EXERCISE AIM:
With the pictures omitted, print exactly the lines below, from the one containing "[SCHWEIZ] Apple Watch" through the one containing "Centennial-Park-wedding", and nothing else.

GIVEN RECORDS:
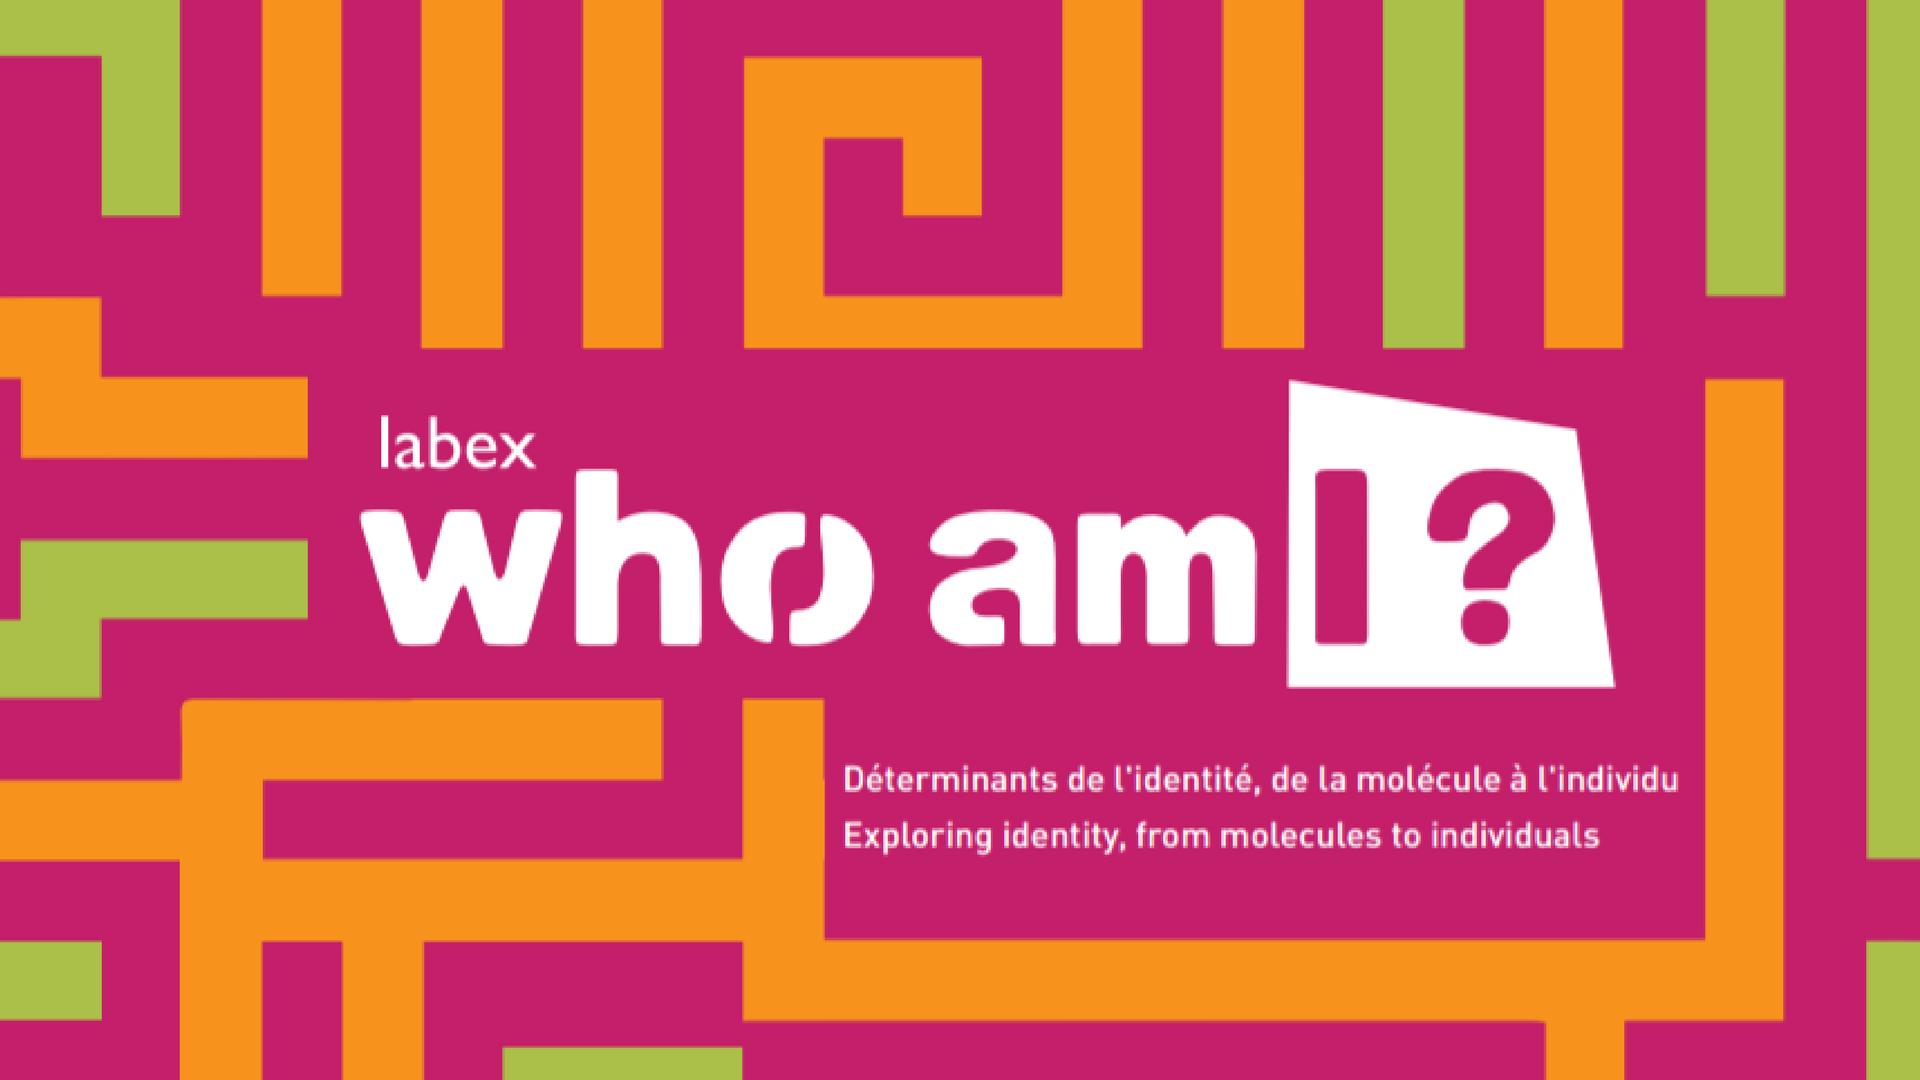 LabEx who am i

* * *

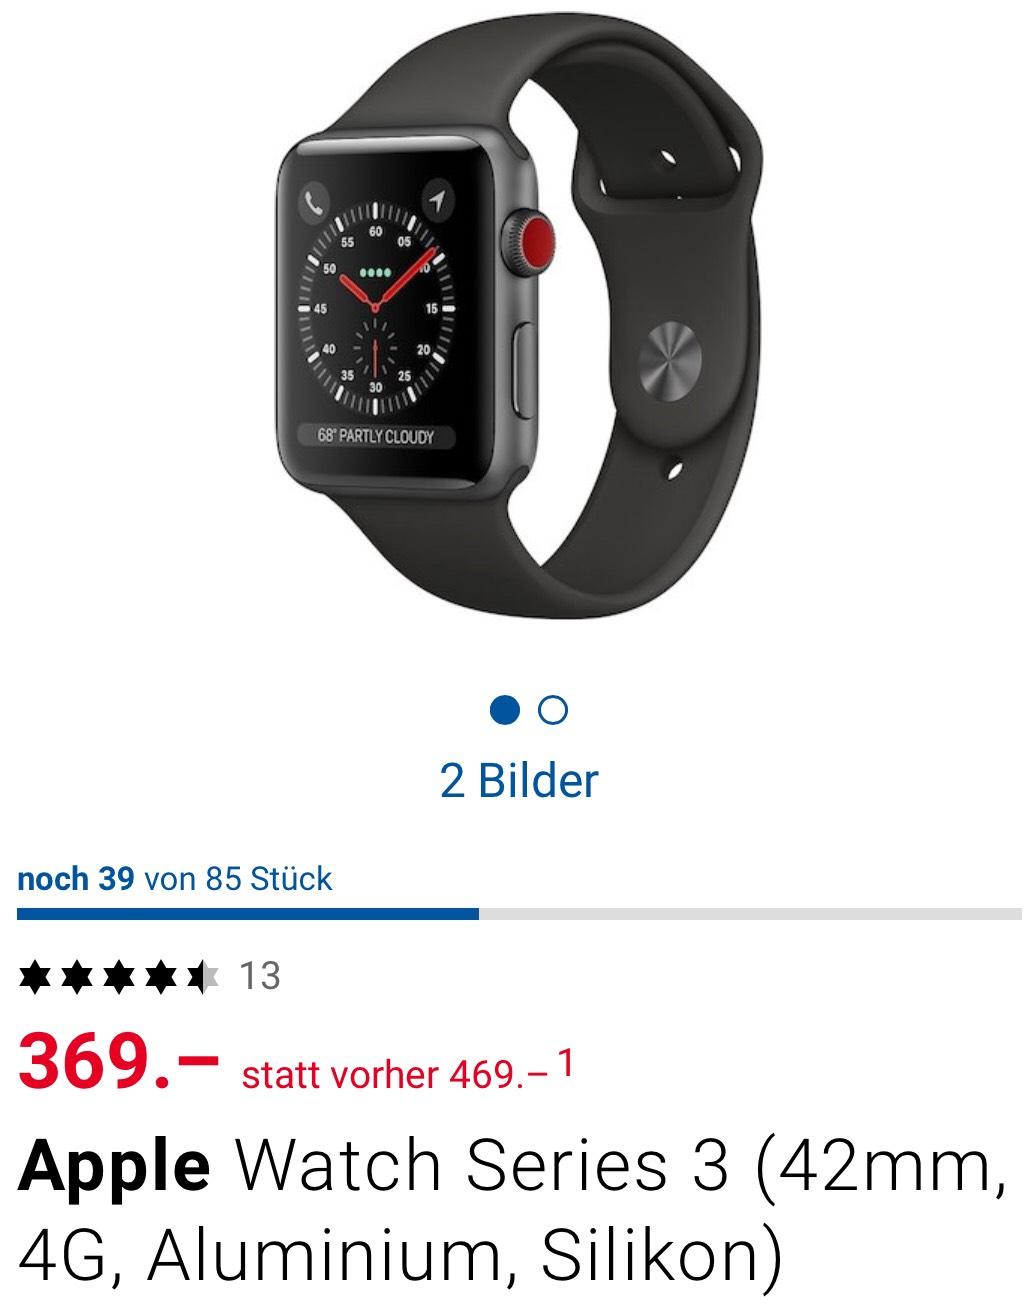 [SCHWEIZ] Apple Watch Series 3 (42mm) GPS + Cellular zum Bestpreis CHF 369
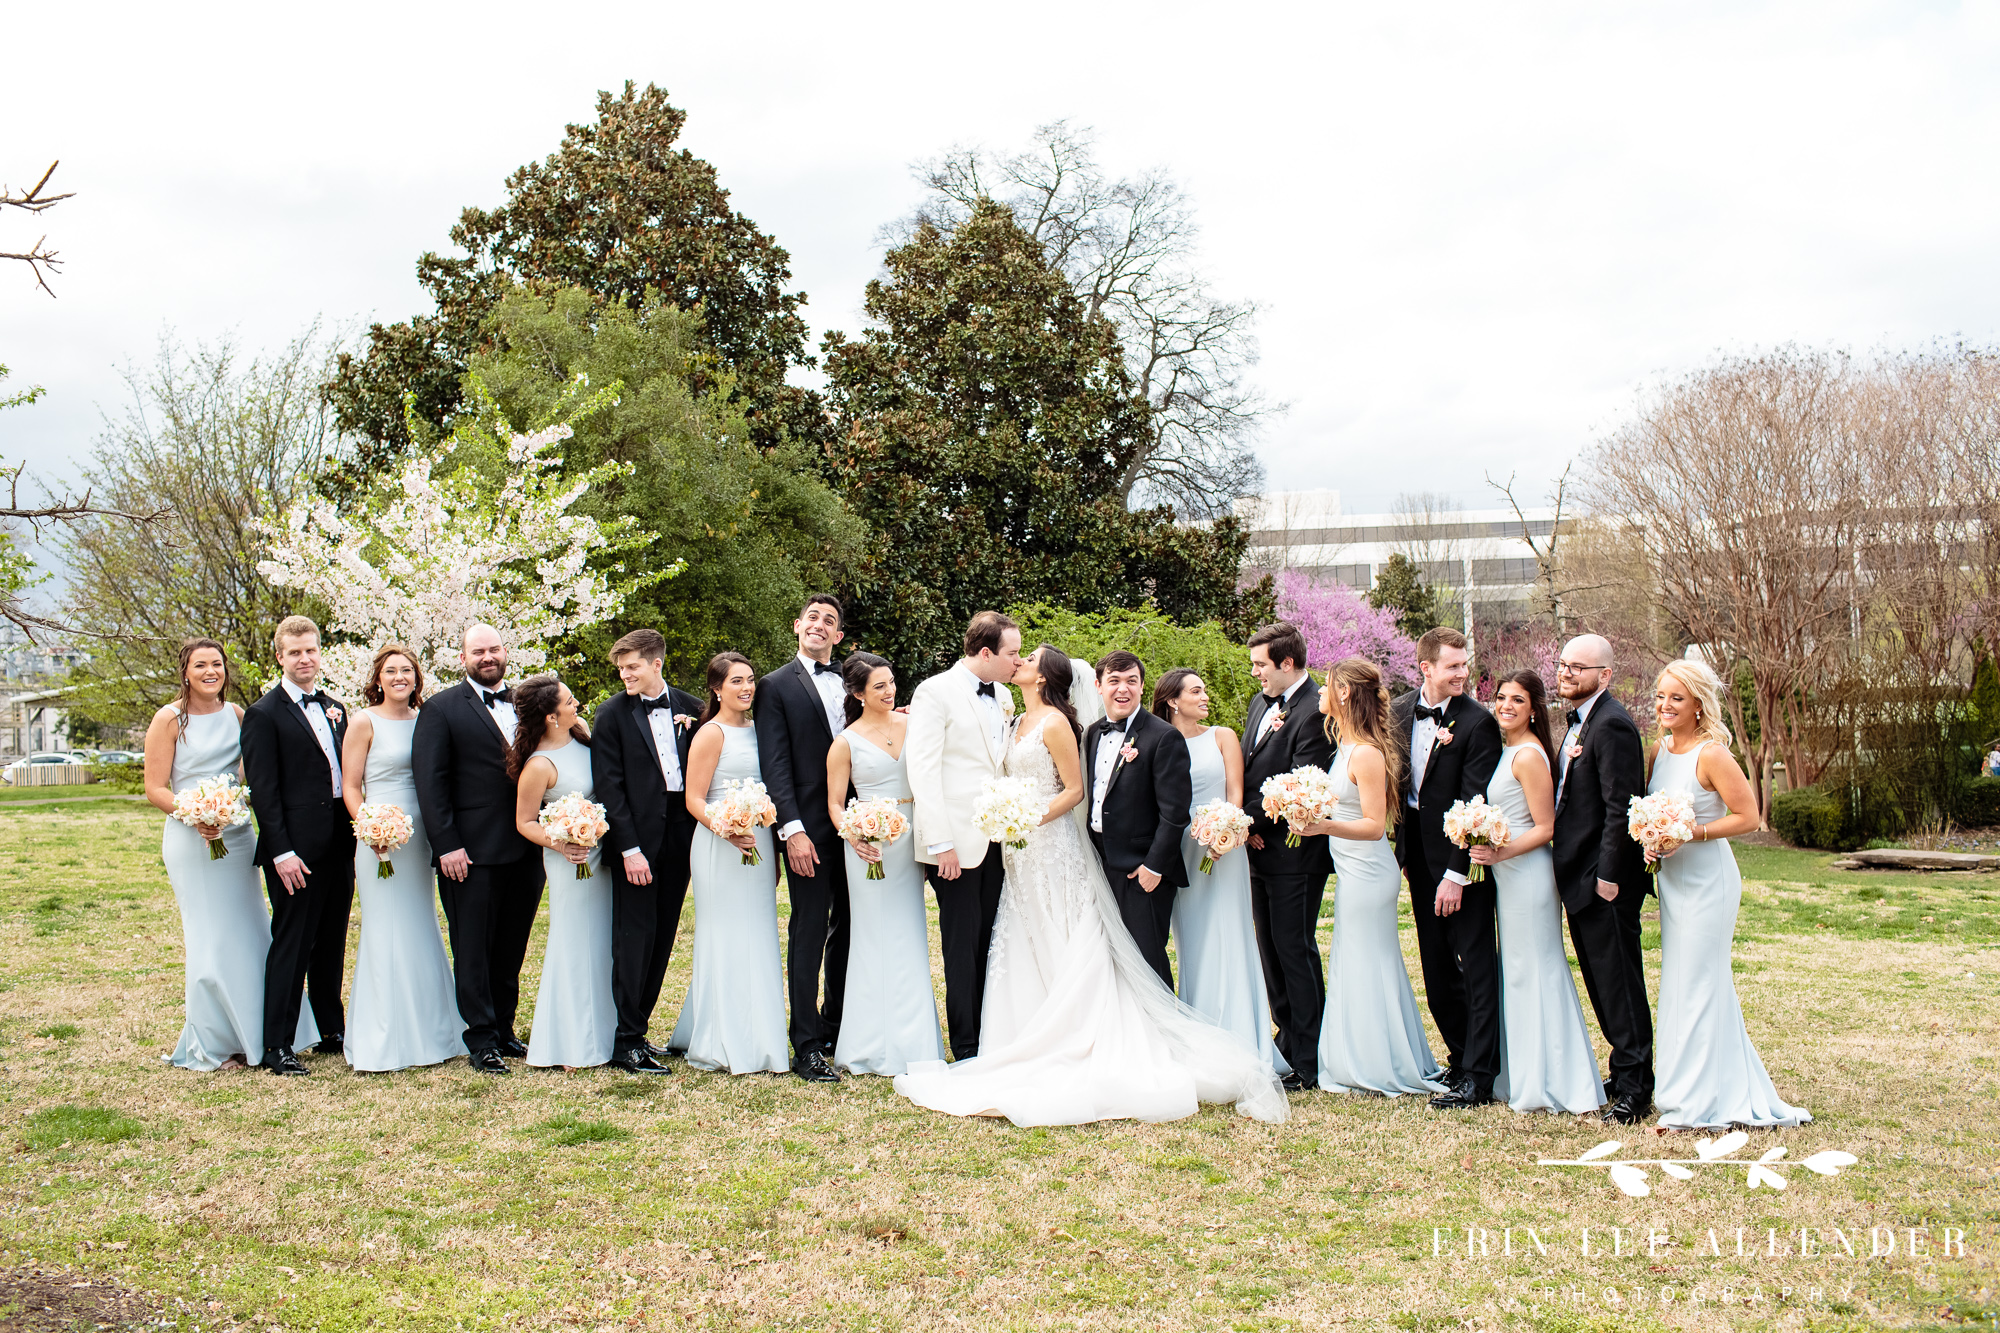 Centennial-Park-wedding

EXERCISE OUTPUT:
 [SCHWEIZ] Apple Watch Series 3 (42mm) GPS + Cellular zum Bestpreis CHF 369
 Centennial-Park-wedding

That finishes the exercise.